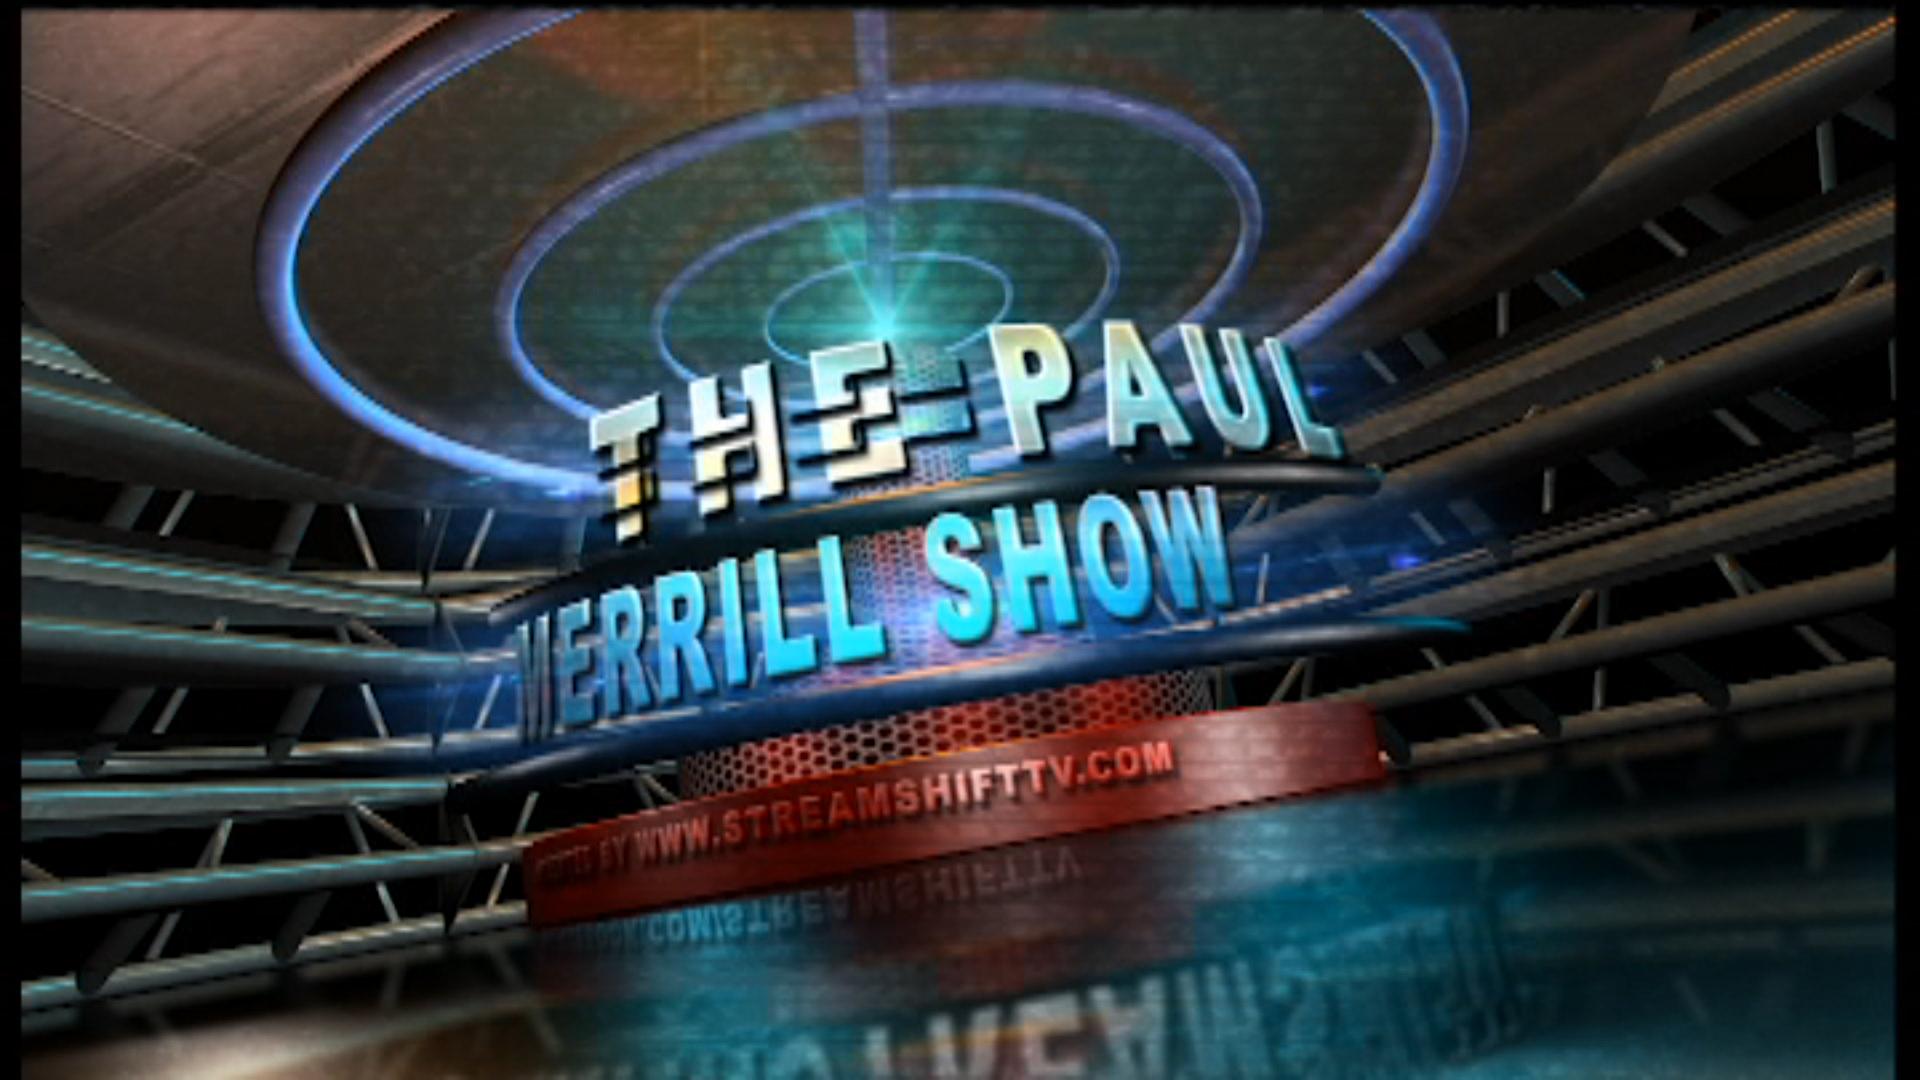 The Paul Merrill Show - July 25th, 2019
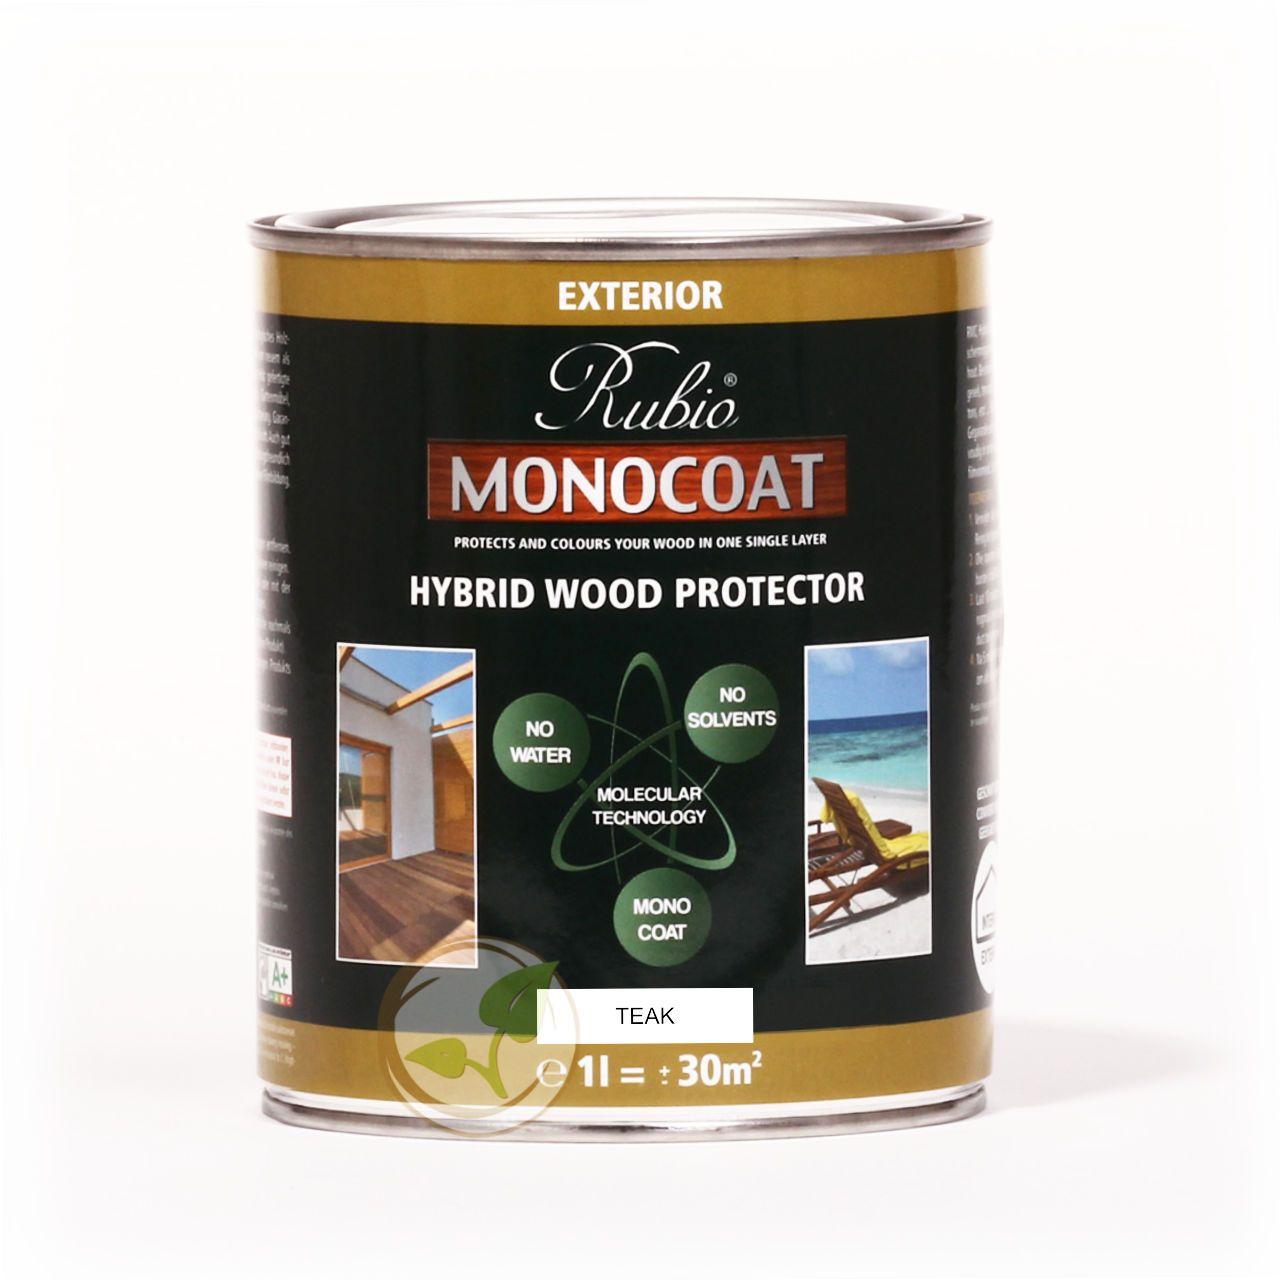 rubio-monocoat-exterior-hybrid-wood-protector-teak-1lBSLxCwwe0gj6y
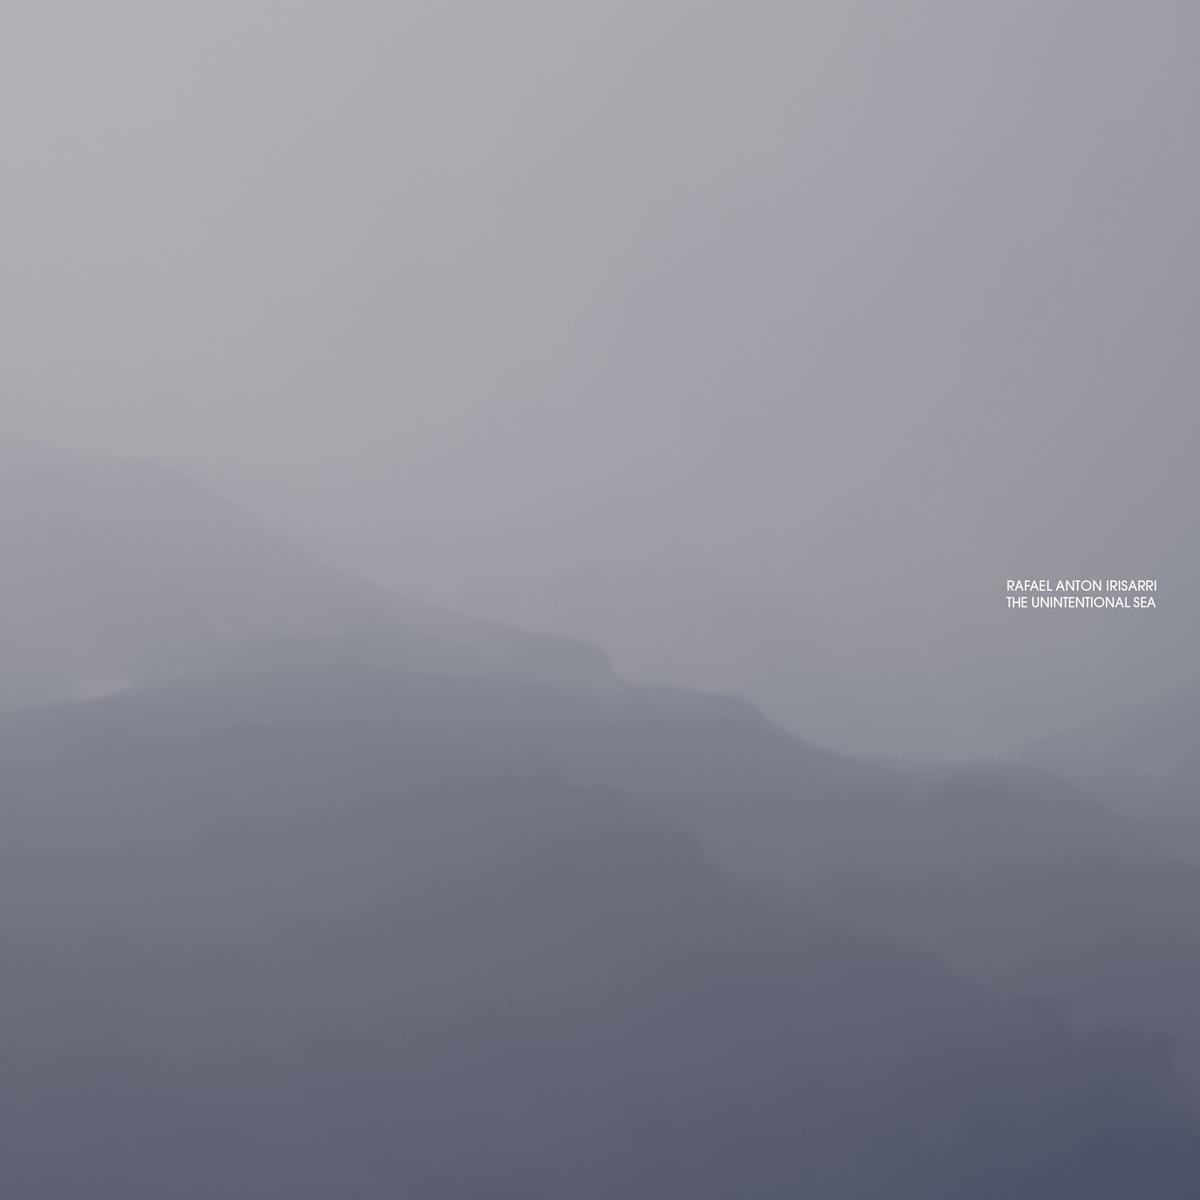 Rafael Anton Irisarri - The Unintentional Sea.jpg

## What you will do
Nothing but the pictures is to be left out; repeat the data exactly.

## Exercise result
 The Paul Merrill Show - July 25th, 2019
 rubio-monocoat-exterior-hybrid-wood-protector-teak-1lBSLxCwwe0gj6y
 Rafael Anton Irisarri - The Unintentional Sea.jpg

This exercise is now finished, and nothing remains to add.